All due respect to the HE platform...but I think we all can come up with the short list of things that likely thwart a less technical population of potential buyers. Behold Homey looks to have prioritized exactly those kind of things, as flashy as that might seem.

I agree $400 is too much...but if they come on strong with a solution that checks all the boxes for the average Joe in the FIRST 10 minutes of looking at multi-media about it...I'd think they'd pay twice what HE charges (assuming the user didn't have to buy another model in 3 years for whatever reason). The remaining hub market for the kind of user HE aligns with....is A LOT smaller than what's out there waiting for intelligent & easy button simple solutions.

Speaking of staying relevant long term:

It's awesome what a bit of marketing does. We've been short in that department for a long time, but watch where we go next...

17 Likes

I wonder...majority of friends I talk to about HA that aren't too familiar but maybe are interested, are focused on how they can get voice control over devices. That's their key top of mind "automation" desire, along w/security which I tell them HE is not purpose built for.

When we talk price and they hear ~$140 for an HE hub, and then $20 to $35 (and more) per device for things like switches/dimmers and bulbs, along w/the need to change out switches and dimmers if they want the best experience (e.g., avoiding folks using existing dumb switches to turn of smart bulbs), etc., I see a lot of drop off in interest. Costs more than they expected and the "hassle" factor is higher. In that context, starting near $400 just for the hub does not seem like a price-point that is going to hit much of the mass market who are currently uninvolved. More bleeding off from other platforms...

3 Likes

Smartly.

3 Likes

I certainly agree with @danabw .
In talking with clients, the most common thing that is requested is voice notification & voice control. (Maybe mostly voice control).
Also, most upscale clients have alexa/google home/homepods already. (Also, a lot have Sonos stuff, but that's without a microphone).

1 Like

:rofl: love you too mate. :vulcan_salute:

4 Likes

here someone made a tutorial how to have drag and drop

1 Like

Totally agree overall.

Hubitat user for 1-2 weeks never had any experience with home automation.

strong:
Had a great onboarding with hubitat + youtube videos very helpful.
Very well documentation!

mid rating
Basic rule engine is ok but not "wife/noob friendly"

improvements needed
Forum to not be able to use the browser search is a turn off e.g. in posts like this

Dashboard looks just like from an old android version / early 2010s and need some stae of the art look.
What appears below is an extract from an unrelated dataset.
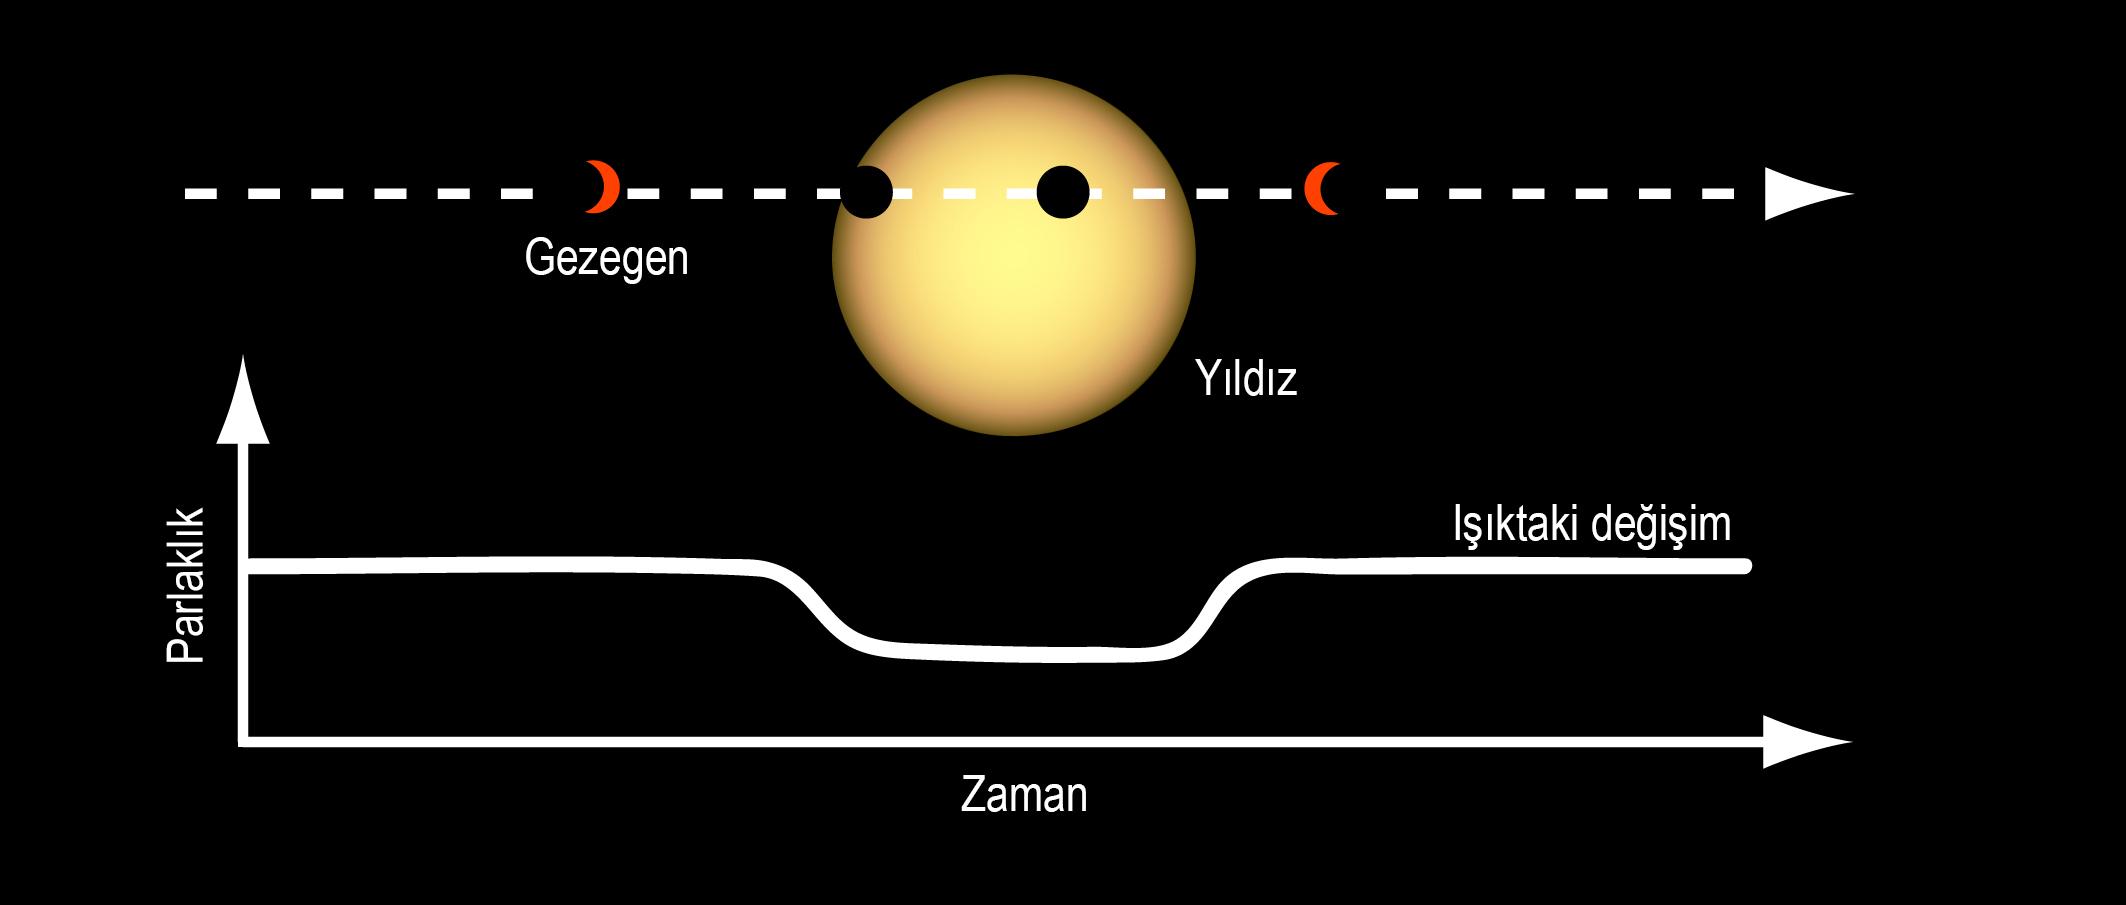 Geçiş (Transit) yöntemi ile ötegezegen keşfi...

Overall UX could be improved to appeal to younger and non IT people :wink:

1 Like

You can. If you used Ctrl+F or Cmd+F to bring it up in the first place, just do it again to use browser search instead:

Screenshot of search feature

(But note that the page only loads content as needed, so you may very well need regular forum search first to find what you really want.)

6 Likes

Just stumbled upon this YouTube video discussing the future of Home Assistant. Thought some of the discussion points were applicable to Hubitat. The guy's point about Home Assistant making the right market survivable steps in The Move to Matter (as a small player) is relevant.

I'm left with some greater appreciation of the dilemma to compete in the Mass Market Easy-Button-Simple (for Beginners) Hub vs being the best Easy-but-Deeply-Configurable/Flexible Hub for those that want to dig in and do more.

3 Likes

I wouldn't be worried for the future of the likes of Hubitat and Home Assistant. No matter how many developers the SAGA (Samsung, Amazon, Google, Apple) brings on board, they will be busy making their platforms work for their company's main goal. Whether that means to drive more customers to their store, search engine, or to buy appliances and phones, they will always be a step behind the developers who are solely working on making the best home automation platform work for everyone.